What is Ethanol?
Ethanol is a grain alcohol that can be blended with gasoline and used in motor vehicles. Many gasoline stations provide a blended fuel, typically 10 percent ethanol and 90 percent gasoline. Vehicles do not need any modifications to use this blend of fuel. Flex fuel vehicles modify the fuel systems and can use E85, a blend of up to 85 percent ethanol and 15 percent gasoline. With the modifications, these vehicles can use straight gasoline or any ethanol blend up to 85 percent. (Courtesy of University of Illinois Extension.)
Ethanol is a cleaner-burning alternative fuel produced from domestic renewable resources such as corn and other starch-containing plant materials known as biomass. It can also be made from cellulosic materials like switchgrass and crop residues.
How is ethanol produced?
In the United States, ethanol is primarily produced from the starch in corn grain. Recent studies using updated data about corn production methods demonstrate a positive energy balance for corn ethanol, meaning that fuel production does not require more energy than the amount of energy contained in the fuel.
There are several steps involved in making ethanol available as a vehicle fuel:
Biomass feedstocks are grown, collected, and transported to an ethanol production facility
Ethanol is produced from feedstocks at a production facility and then transported to a blender/fuel supplier
Ethanol is mixed with gasoline by the blender/fuel supplier to make E10, E15, or E85 and distributed to fueling stations.
How is ethanol used?
More than 95% of U.S. gasoline contains ethanol, typically E10 (10% ethanol, 90% gasoline), to oxygenate the fuel and reduce air pollution. Ethanol is also available as E85 (a gasoline-ethanol blend containing 51% to 83% ethanol, depending on geography and season). This fuel can be used in flexible fuel vehicles, which run on high-level ethanol blends, gasoline, or any blend.
Ethanol Benefits
The U.S. Department of Energy estimates for every one billion gallons of ethanol produced, 10,000 to 20,000 jobs are added to our domestic economy.

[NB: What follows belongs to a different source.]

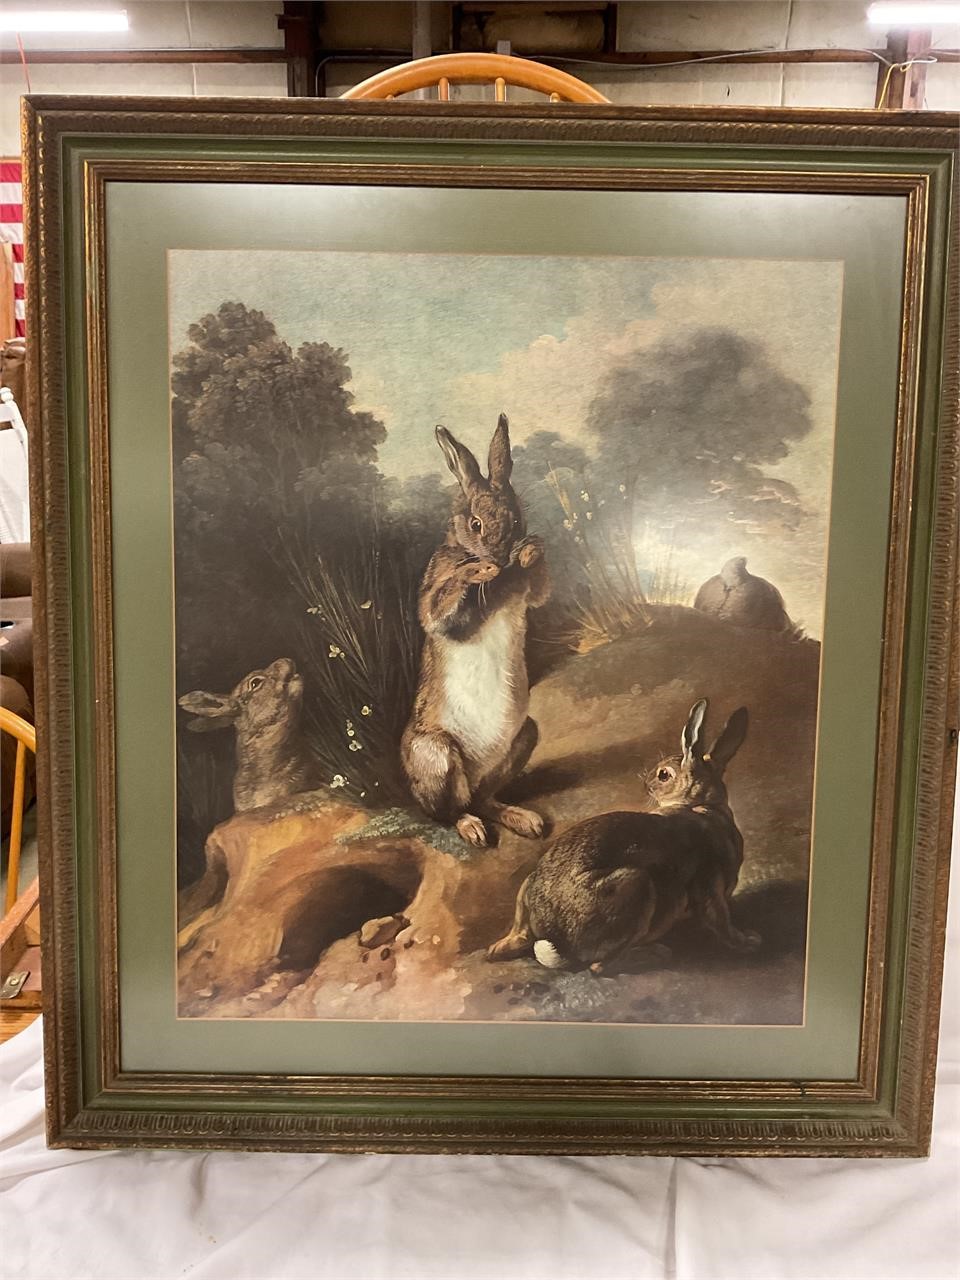 Framed Rabbit Picture 32”x28”

In 2014 alone, the ethanol industry created and supported nearly 400,000 new jobs nationwide that cannot be exported or outsourced. In addition, ethanol production contributed almost $53 billion to the nation’s GDP and generated $5.7 billion in federal tax revenues. Ethanol production also contributes to revitalizing America’s rural areas — some of the hardest hit by the economic downturn — by stimulating economic growth.
According to the Department of Energy’s Argonne National Laboratory, ethanol reduces greenhouse gas emissions by an average of 34 percent compared to gasoline. Moreover, advanced biofuels have the potential to reduce greenhouse gas emissions by over 100 percent. Ethanol from any source has a positive net energy balance — meaning it gives more energy than is needed to produce it.
In 2014, the 13.4 billion gallons of ethanol blended into gasoline in the United States helped reduce greenhouse gas emissions from on-road vehicles by approximately 38 million metric tons, equivalent to removing roughly 8 million automobiles from the road. Imagine if we were using more ethanol in our motor fuels.
Ethanol is already replacing millions of barrels of imported petroleum. That’s petroleum that could have ended up in our environment, devastating coastal industries, ecosystems, and communities. Ethanol is clean-burning, renewable, and grown here in America.
The EPA estimates that higher Renewable Fuel Standards will reduce Greenhouse Gas Emissions from transportation by a total of 6.8 billion tons of CO2 equivalent when measured over a 100-year timeframe. This is the equivalent of approximately 160 million tons of CO2 equivalent per year. The overall reductions would be like removing 24 million vehicles from the road.
Ethanol's Emission Reductions
The carbon dioxide released when ethanol is burned is balanced by the carbon dioxide captured when the crops are grown to make ethanol. This differs from petroleum, made from plants raised millions of years ago. On a life cycle analysis basis, corn-based ethanol production and use reduces greenhouse gas emissions (GHGs) by up to 52% compared to gasoline production and use. Cellulosic ethanol use could reduce GHGs by as much as 86%.
Ethanol In Action
Where is E85 available in Tennessee?
Pilot Travel Centers
Speedway
Thornton’s
Twice Daily
Where can I find a list of flexible fuel vehicles (FFVs) available for purchase?
Renewable Fuels Association (RFA) maintains a list of FFVs showing the OEMs/auto brand’s FFV offerings from 2018 to the 1990s! That means you can shop for used FFVs, too.
What are the different blends used by Tennessee fleets?
E10 and E85.
E85 is 51-83% ethanol blended with gasoline, now called “flex fuel.”
E10 is now the fuel you find at almost every convenience store from coast to coast.
Also growing in sales across the U.S. are E15 and “Mid-level blends” that include E30 and E40, although those are not widely available yet in Tennessee.